> _Aim of the task_
Give a faithful, exact copy of all entries, minus the images.

━━━━━━

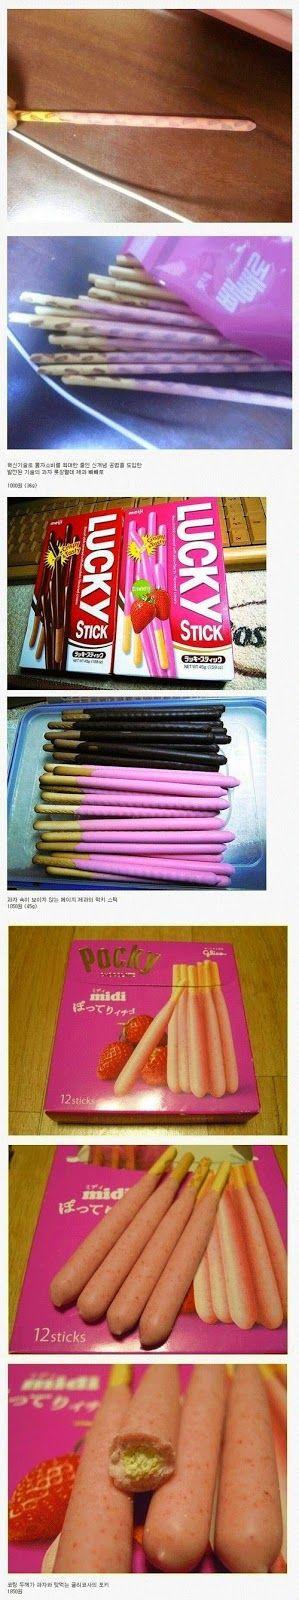 ちゃんねるにゅーす+1: 【韓国】 ロッテ製菓の過剰な商法が嘲笑のネタに 2ch「韓国人はパッケージのデザインも出来ないのか」...
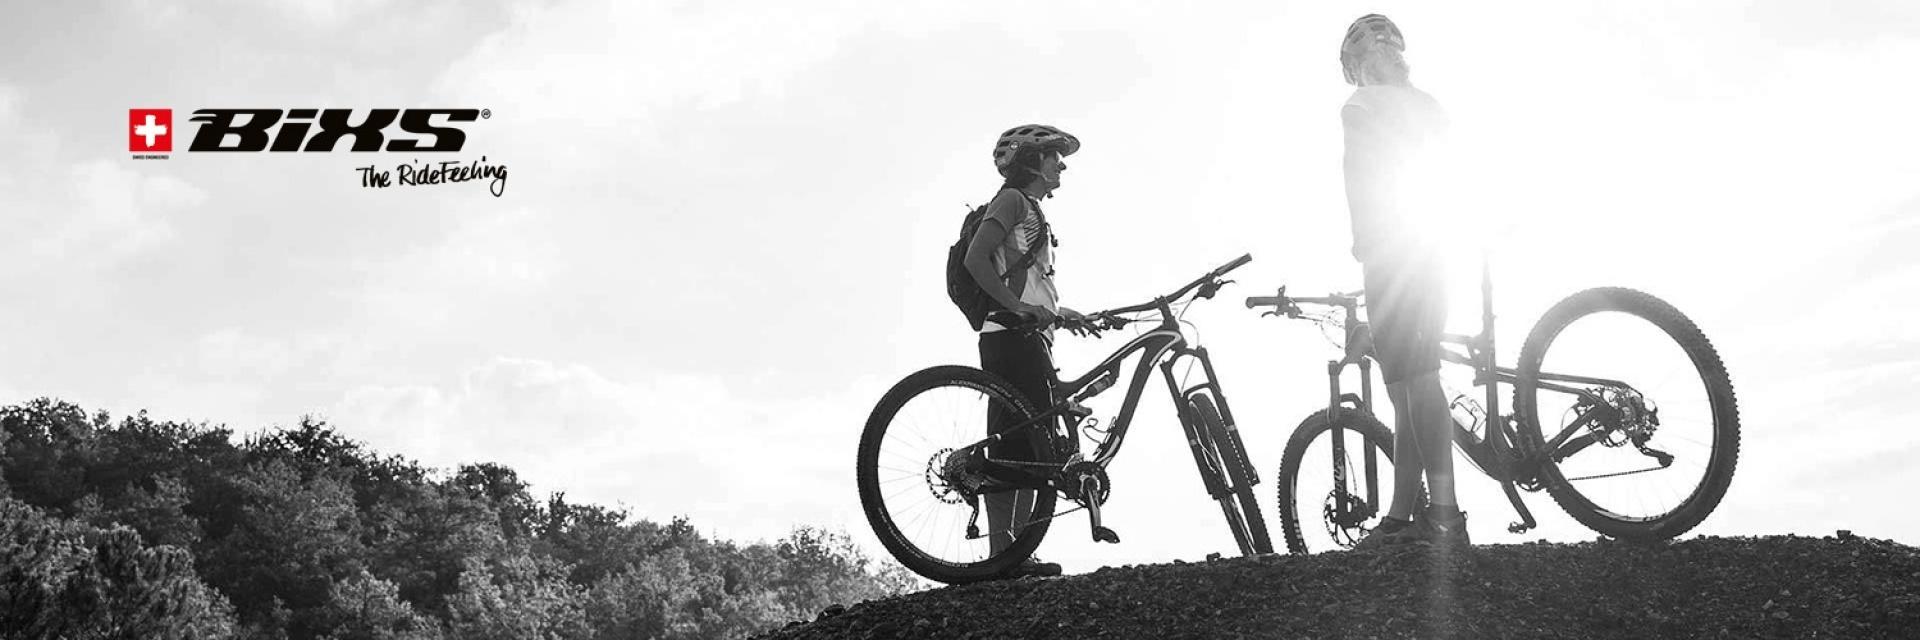 CH Bike&Co - Imagebild Bixs
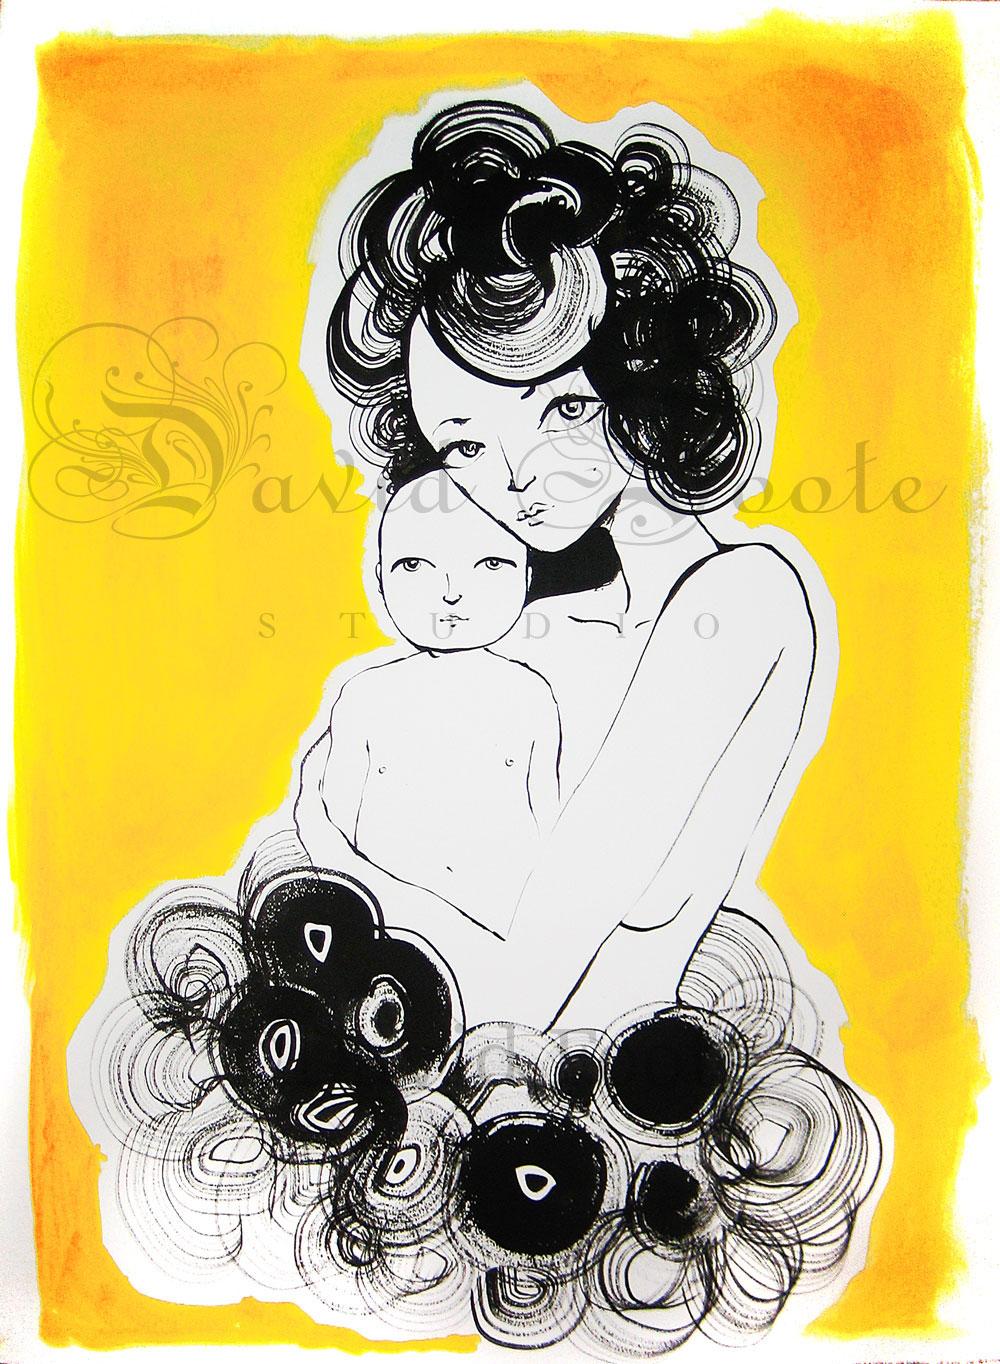 madonna-and-child-in-spirals.jpg
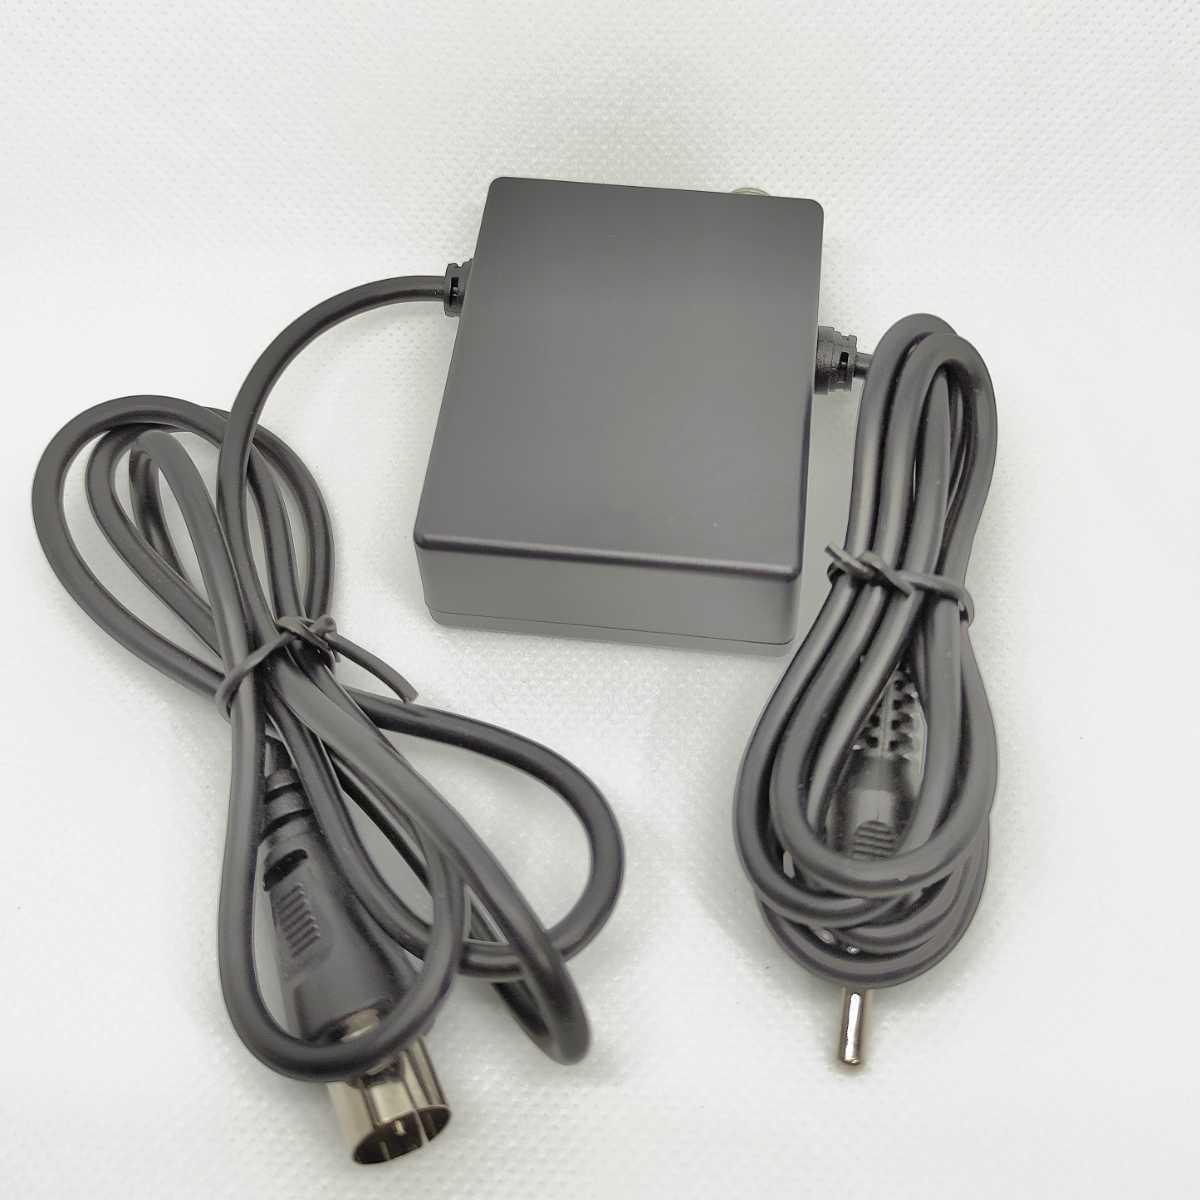 初代 ファミコン  スーパーファミコン 用 RF スイッチ  アンテナ接続
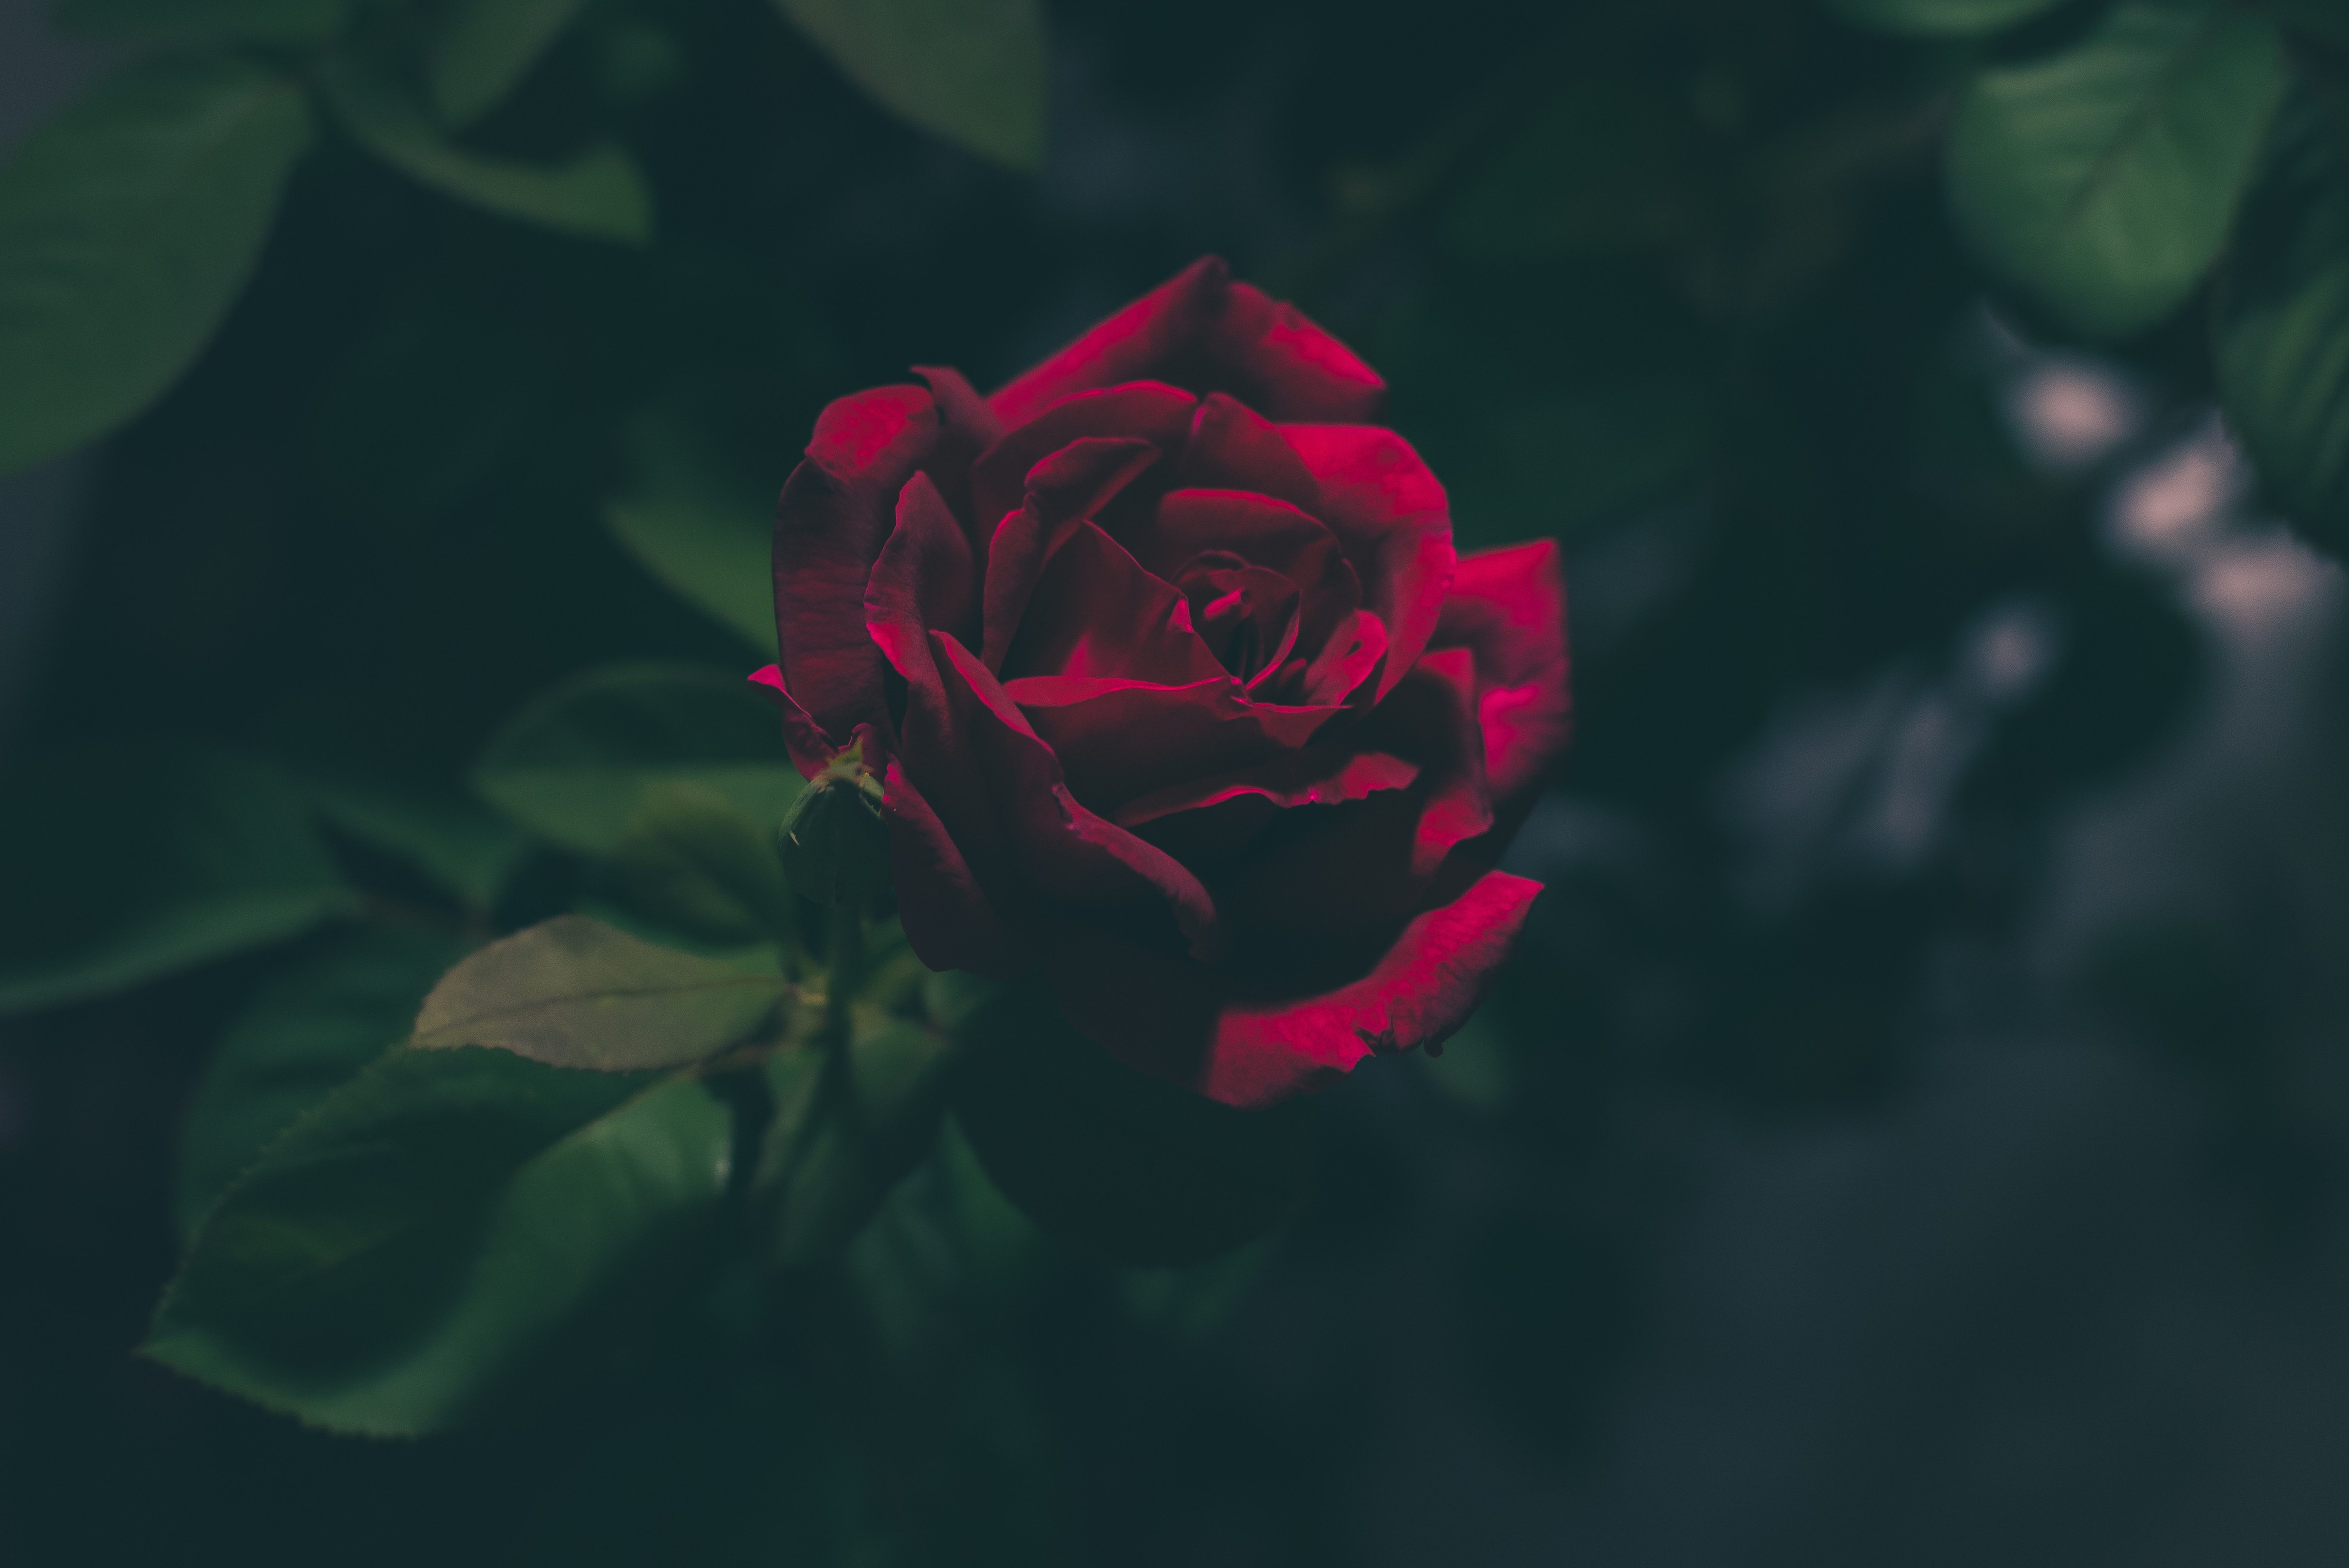 Blood red rose iphone wallpaper idrop news - Black red rose wallpaper ...

━━━━━━

> _Answer to this exercise_
 ちゃんねるにゅーす+1: 【韓国】 ロッテ製菓の過剰な商法が嘲笑のネタに 2ch「韓国人はパッケージのデザインも出来ないのか」...
 CH Bike&Co - Imagebild Bixs
 madonna-and-child-in-spirals.jpg
 初代 ファミコン  スーパーファミコン 用 RF スイッチ  アンテナ接続
 Blood red rose iphone wallpaper idrop news - Black red rose wallpaper ...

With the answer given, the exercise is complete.